Previous Section Table of Contents Next Section

Brief Summary of Perl

Perl acts like an interpreter. You type the source into a file and then tell the Perl program (usually called perl or perl.exe) to execute it. Actually, Perl compiles the program before it runs it, but the user doesn't really notice this. The only difference from a true interpreter is that syntax errors anywhere in the program cause an error before execution starts.

Perl generally treats all white space, including new lines, equally. Blocks of code are enclosed between { and }, and statements usually end with a semicolon (;).

Comments are marked with a # symbol-anything following that symbol on a line is ignored.

Data Types and Variables

Variables do not need to be declared; they can simply be used. Variables that have not been assigned a value evaluate to the special reserved value, undef.

A variable that holds one value is known as a scalar. The scalars used in this book are all numbers or strings. Scalar variable names start with a $. Perl distinguishes between strings and numbers in literals, so you can assign one or the other to a scalar variable:


$x = "Hello";


or


$y = 5;


Numbers can be treated as if they were all floating-point numbers; Perl automatically converts between integers and floating-point numbers as needed. In addition, Perl converts between strings and numbers, depending on which operator is being used. For example, the + operator is defined to be a numeric addition of two scalars, so the following statement


$x = 5 + "7";


sets $x to 12. The string "7" is automatically converted to the number 7. Similarly, the operator . concatenates two strings together, so the following statement


$x = 5 . "7";


sets $x to "57".

In practice, this means that you can almost always treat a number and its string representation as the same. When converting a string to a number, only the characters up to the first non-numeric one are evaluated, so the string "123ABC" evaluates as the number 123. A variable that is undef does the "right thing" when used in an expression, evaluating to the number 0 or an empty string as appropriate.

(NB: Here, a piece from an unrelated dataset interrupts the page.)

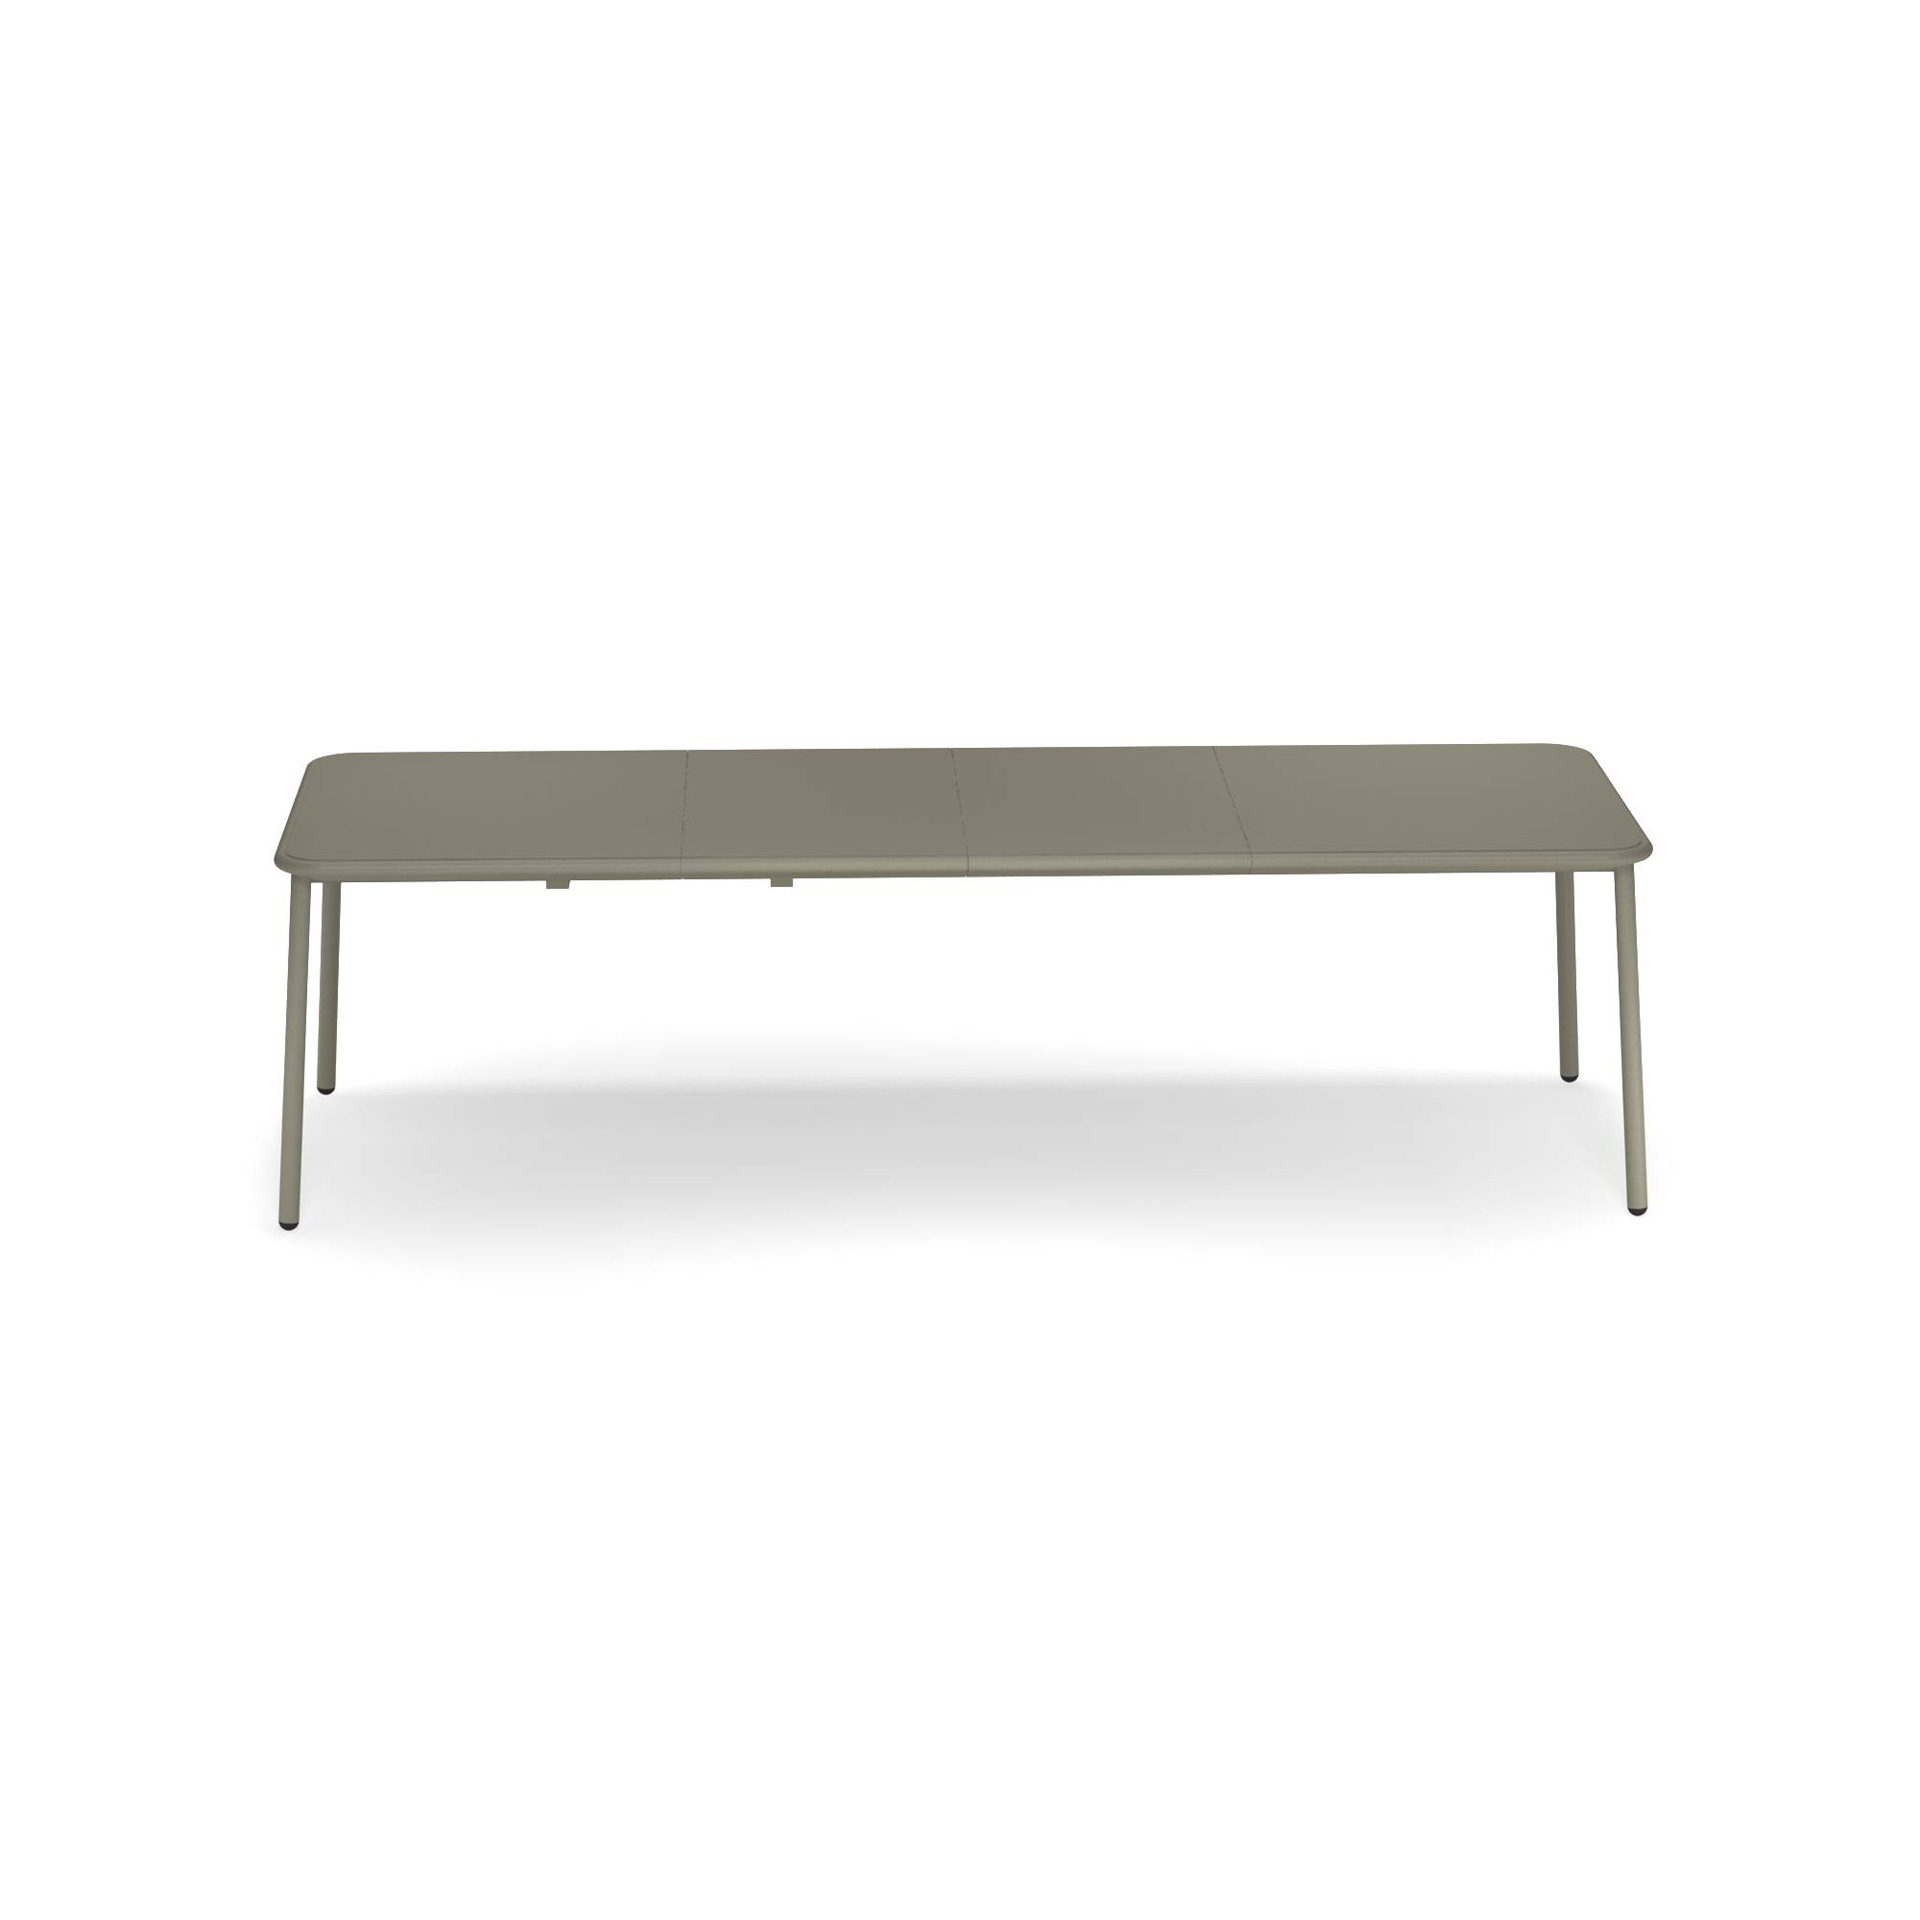 Yard ausziehbarer Tisch mit Aluminiumplatte
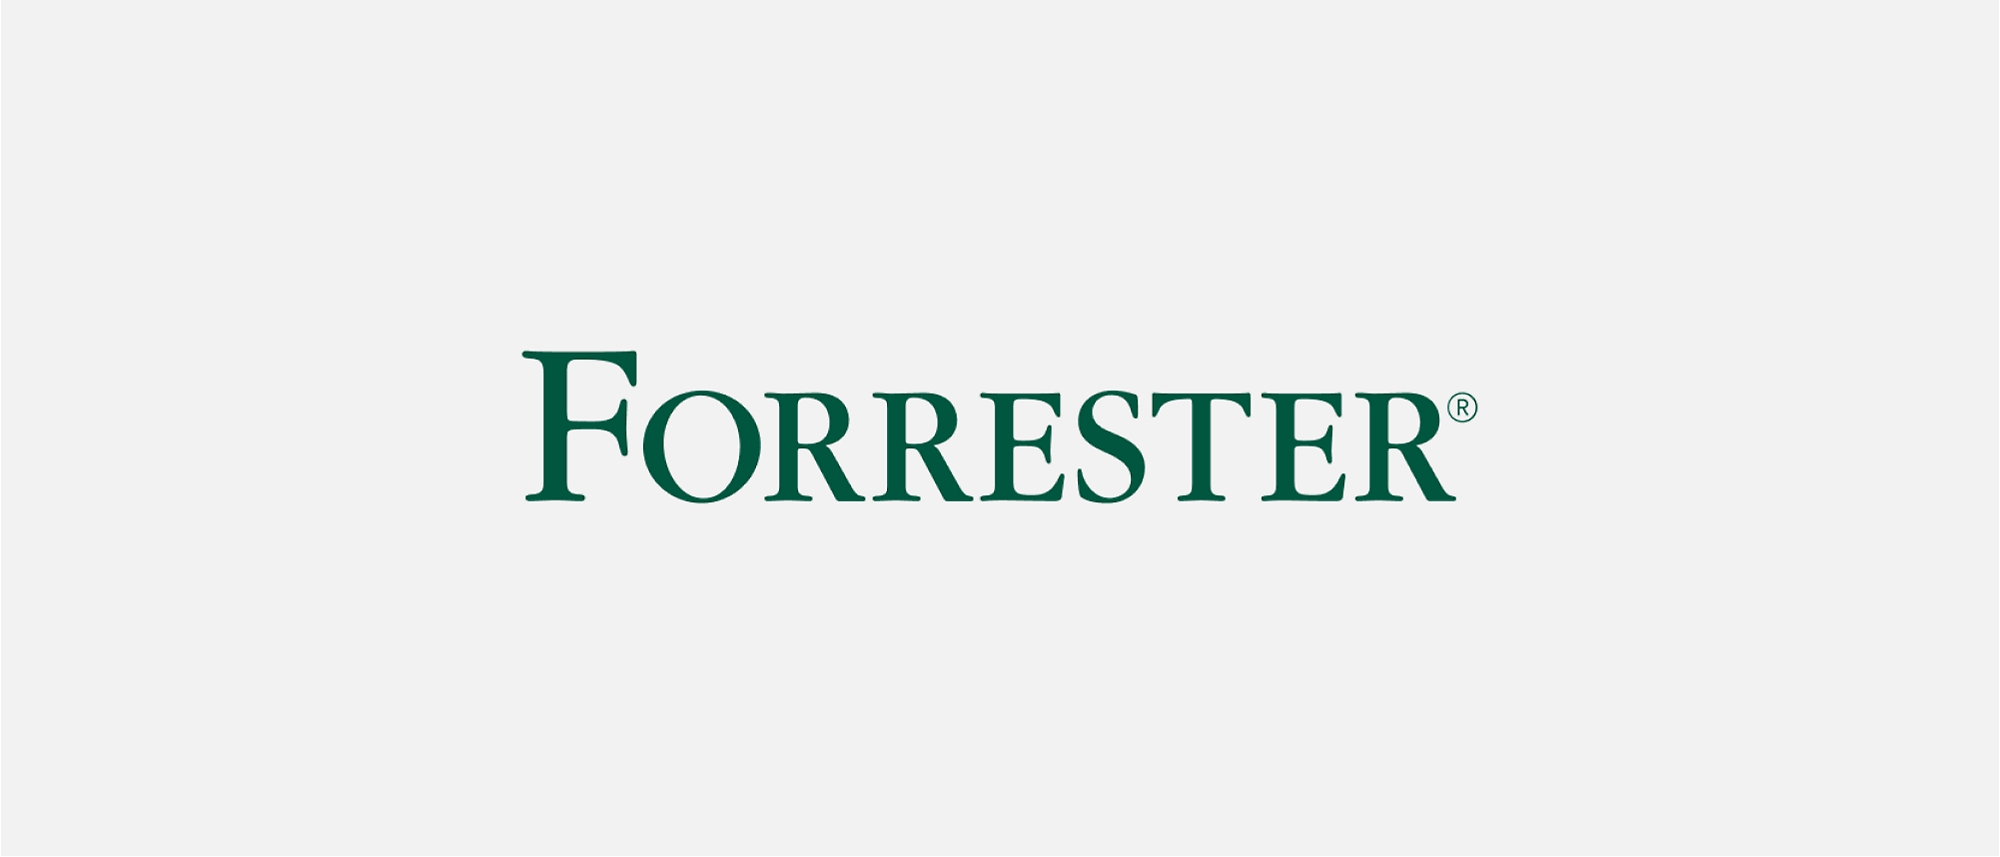 Forester-Logo

Assignment is done with the = sign, as previously shown, and the assignment returns a value, so you can use an assignment anywhere you would use a variable:


$x = ($y = 4);    # $x will be 4 also


Perl uses +, -, *, and / for the basic mathematical operations. % is modulo (numbers are truncated to integers first) and ** is the exponentiation operator, for example 2**16. ++ and -- work as they do in C/C++ and Java. Perl supports binary assignment operators such as +=, -=, %=, and even .= and **=:


$x += 5;

$mystring .= "(s)";


Strings

Strings can be quoted with either single or double quotes. Within single quotes, the only special characters in a string are the backslash and the single quote. \\ represents a single backslash, and \' represents a single quote, as shown in these examples:


$directory = 'windows\\system32';

$answer = 'I don\'t agree';


Within double quotes, you can specify backslash escapes such as \n and \t. Perl also does variable interpolation within double-quoted strings, which means that scalar variables (and some others) are replaced with their values:


$prompt = "Enter your name\n";

$name = "Sally";

$reply = "Hello, $name!";


The length() function returns the length of a string. substr() returns a part of a string, and index() finds the index of a match within a string. String positions are zero-based, so the first character is at position 0. You can use negative numbers to count backward from the end, with index -1 as the last character in a string. With these built-in functions, as with most functions in Perl, the parentheses around the arguments are optional, as long as the fact that it is a function call is unambiguous (nonetheless, I will continue to append () to indicate functions):


$j = length $somestring;

$secondfivechars = substr ($x, 5, 5);

$lastchar = substr $inputline, -1;

$firstspace = index($text, " ");


Function parameters can be optional; if the third parameter to substr() is not provided, the rest of the string is returned. index() can also take a third parameter, which is the offset within the string to start searching.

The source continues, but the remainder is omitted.